Action item: From the data below, please reproduce exactly everything from the line that contains "Bei ihrem Gang" down to the line that contains "Dietz #20 Junior Lantern Red with Gold Trim", with both ends included.

━━━━━ The input ━━━━━

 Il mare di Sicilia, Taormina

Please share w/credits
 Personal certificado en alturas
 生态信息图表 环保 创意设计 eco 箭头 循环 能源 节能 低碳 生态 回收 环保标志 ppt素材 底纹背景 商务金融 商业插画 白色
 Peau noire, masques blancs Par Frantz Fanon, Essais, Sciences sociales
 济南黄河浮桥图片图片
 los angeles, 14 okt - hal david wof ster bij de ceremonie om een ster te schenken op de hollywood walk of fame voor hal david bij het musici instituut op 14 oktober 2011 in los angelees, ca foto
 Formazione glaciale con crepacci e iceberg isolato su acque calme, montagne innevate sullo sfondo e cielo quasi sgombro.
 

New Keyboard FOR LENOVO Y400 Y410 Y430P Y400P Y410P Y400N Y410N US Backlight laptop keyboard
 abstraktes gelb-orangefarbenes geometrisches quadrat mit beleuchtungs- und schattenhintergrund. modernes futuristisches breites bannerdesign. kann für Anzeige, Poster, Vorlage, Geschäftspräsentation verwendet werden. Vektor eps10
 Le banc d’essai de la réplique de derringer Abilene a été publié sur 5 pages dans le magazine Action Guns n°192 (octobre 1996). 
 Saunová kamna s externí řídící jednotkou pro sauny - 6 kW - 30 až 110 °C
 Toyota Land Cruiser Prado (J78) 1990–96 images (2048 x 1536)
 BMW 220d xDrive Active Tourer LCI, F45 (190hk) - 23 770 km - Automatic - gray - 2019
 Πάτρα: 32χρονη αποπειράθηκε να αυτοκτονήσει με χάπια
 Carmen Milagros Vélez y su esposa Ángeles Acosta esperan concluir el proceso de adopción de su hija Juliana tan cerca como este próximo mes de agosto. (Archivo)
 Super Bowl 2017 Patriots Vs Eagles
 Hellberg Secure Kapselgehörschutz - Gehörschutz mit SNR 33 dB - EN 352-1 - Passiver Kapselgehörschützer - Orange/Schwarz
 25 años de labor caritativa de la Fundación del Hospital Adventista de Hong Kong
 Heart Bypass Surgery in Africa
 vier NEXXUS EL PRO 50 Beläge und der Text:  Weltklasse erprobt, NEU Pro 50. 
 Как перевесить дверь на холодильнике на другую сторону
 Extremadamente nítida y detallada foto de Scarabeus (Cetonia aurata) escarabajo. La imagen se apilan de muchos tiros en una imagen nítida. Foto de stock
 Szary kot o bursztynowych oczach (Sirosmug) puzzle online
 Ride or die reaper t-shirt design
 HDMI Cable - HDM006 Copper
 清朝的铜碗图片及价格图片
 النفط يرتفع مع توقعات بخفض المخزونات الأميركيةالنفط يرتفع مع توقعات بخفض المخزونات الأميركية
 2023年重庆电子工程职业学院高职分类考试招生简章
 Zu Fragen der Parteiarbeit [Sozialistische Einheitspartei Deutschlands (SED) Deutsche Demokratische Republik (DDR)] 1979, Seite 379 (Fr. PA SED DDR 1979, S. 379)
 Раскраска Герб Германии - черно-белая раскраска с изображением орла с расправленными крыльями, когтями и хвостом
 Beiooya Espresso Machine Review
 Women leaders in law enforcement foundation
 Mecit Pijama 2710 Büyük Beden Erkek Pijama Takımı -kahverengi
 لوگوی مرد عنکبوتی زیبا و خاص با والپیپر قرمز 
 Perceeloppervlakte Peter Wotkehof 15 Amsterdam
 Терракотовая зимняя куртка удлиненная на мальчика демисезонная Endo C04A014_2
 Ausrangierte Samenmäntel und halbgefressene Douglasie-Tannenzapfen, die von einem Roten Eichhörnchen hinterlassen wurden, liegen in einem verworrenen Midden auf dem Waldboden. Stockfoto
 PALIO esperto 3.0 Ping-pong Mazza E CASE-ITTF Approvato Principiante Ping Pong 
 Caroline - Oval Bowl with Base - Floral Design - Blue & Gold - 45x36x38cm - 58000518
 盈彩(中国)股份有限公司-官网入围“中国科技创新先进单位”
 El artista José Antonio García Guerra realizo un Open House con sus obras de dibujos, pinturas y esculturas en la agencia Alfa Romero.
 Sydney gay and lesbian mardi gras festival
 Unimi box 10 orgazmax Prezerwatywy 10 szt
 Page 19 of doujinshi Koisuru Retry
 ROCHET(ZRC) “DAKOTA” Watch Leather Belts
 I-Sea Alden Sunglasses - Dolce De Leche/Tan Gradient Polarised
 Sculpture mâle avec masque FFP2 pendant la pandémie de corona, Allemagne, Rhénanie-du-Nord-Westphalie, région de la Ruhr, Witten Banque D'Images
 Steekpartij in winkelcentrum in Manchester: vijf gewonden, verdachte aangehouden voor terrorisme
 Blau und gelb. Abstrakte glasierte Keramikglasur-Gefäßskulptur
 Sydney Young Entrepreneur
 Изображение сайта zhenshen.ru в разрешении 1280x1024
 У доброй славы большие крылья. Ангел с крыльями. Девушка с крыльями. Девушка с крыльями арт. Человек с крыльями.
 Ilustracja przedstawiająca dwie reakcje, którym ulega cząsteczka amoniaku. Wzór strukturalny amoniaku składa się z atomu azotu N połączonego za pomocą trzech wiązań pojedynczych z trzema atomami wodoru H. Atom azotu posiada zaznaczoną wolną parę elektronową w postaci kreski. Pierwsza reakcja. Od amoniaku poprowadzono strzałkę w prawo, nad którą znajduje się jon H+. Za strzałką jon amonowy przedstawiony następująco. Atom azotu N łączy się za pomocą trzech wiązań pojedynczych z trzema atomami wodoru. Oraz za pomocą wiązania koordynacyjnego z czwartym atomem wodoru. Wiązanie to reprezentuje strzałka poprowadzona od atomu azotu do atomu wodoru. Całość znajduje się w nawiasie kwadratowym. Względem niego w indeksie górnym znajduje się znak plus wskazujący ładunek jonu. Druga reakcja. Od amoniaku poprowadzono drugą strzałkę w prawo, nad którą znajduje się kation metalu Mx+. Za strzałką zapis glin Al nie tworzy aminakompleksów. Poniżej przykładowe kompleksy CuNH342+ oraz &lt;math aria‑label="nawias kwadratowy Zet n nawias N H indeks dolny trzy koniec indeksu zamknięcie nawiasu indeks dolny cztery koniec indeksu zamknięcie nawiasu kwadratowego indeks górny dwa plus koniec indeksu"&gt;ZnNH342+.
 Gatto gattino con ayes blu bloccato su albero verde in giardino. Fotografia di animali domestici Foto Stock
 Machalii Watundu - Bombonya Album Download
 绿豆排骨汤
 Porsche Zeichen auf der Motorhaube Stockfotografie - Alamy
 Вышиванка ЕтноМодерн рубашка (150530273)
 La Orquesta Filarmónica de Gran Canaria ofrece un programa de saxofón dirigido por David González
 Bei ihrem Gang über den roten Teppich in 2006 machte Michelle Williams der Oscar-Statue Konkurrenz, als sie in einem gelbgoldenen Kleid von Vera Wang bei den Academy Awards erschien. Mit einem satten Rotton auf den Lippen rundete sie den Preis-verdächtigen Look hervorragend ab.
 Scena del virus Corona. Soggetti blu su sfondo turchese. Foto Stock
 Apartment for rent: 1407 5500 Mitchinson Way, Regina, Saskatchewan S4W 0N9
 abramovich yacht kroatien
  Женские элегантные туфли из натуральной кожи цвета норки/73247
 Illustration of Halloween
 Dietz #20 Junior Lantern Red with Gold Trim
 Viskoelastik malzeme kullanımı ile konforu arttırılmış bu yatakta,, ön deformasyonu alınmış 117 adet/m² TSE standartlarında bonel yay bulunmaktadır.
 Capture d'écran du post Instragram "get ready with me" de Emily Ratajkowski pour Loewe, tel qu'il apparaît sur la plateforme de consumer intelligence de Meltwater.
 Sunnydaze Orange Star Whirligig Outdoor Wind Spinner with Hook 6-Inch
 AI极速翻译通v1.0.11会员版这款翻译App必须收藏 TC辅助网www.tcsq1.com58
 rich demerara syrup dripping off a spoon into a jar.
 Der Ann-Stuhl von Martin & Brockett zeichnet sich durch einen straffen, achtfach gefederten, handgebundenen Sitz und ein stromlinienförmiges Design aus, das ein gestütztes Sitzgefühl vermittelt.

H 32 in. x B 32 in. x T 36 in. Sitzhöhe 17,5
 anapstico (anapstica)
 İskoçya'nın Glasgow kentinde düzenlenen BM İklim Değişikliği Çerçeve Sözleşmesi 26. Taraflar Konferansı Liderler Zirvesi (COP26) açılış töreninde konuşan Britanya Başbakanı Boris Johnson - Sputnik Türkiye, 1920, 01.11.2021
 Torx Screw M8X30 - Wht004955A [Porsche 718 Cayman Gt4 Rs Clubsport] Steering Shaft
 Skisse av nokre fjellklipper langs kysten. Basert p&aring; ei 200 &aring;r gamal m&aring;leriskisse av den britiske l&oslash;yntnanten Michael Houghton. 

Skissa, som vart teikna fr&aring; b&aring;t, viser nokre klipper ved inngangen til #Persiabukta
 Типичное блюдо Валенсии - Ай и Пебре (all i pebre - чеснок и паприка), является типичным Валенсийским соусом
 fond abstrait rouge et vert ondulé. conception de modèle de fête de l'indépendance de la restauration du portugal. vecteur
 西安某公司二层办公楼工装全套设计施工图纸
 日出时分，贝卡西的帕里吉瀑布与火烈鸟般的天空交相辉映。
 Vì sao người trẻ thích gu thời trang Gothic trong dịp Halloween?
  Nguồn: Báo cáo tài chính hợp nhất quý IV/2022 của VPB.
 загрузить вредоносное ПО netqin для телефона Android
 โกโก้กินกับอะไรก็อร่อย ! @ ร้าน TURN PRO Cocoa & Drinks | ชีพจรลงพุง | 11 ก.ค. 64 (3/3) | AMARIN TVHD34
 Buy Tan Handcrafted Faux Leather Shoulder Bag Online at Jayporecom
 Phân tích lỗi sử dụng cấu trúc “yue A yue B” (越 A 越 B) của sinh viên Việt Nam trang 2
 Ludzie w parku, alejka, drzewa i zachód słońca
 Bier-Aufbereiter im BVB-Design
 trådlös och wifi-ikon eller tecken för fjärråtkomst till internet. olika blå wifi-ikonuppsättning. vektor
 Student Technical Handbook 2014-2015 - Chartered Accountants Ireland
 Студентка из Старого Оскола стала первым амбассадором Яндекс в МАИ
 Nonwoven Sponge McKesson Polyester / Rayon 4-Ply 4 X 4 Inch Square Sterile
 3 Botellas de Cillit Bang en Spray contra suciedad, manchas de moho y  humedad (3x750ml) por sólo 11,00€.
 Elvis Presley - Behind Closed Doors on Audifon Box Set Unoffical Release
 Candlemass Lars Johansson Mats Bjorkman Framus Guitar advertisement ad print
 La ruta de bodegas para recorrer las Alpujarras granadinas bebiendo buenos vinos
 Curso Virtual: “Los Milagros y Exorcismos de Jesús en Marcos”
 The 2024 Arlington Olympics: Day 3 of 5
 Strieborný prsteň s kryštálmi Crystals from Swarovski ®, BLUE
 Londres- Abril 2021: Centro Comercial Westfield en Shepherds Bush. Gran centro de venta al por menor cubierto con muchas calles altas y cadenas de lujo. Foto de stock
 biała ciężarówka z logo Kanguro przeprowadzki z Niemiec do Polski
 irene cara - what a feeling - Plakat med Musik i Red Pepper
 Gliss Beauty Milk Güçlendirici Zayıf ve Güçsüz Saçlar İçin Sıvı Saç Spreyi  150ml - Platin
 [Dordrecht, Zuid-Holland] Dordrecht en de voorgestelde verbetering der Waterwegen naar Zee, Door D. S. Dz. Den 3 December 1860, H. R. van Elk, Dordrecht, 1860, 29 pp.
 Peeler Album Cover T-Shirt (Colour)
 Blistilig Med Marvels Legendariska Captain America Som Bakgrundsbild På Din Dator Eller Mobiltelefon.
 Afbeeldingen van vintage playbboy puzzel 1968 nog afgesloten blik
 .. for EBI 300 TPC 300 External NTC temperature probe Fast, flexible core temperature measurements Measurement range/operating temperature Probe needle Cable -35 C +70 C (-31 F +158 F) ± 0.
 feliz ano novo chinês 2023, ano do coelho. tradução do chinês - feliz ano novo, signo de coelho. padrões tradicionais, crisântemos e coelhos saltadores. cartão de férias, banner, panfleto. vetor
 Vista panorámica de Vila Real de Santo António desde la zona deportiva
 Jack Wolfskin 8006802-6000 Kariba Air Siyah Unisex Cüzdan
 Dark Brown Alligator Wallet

━━━━━

Output below:
 Bei ihrem Gang über den roten Teppich in 2006 machte Michelle Williams der Oscar-Statue Konkurrenz, als sie in einem gelbgoldenen Kleid von Vera Wang bei den Academy Awards erschien. Mit einem satten Rotton auf den Lippen rundete sie den Preis-verdächtigen Look hervorragend ab.
 Scena del virus Corona. Soggetti blu su sfondo turchese. Foto Stock
 Apartment for rent: 1407 5500 Mitchinson Way, Regina, Saskatchewan S4W 0N9
 abramovich yacht kroatien
  Женские элегантные туфли из натуральной кожи цвета норки/73247
 Illustration of Halloween
 Dietz #20 Junior Lantern Red with Gold Trim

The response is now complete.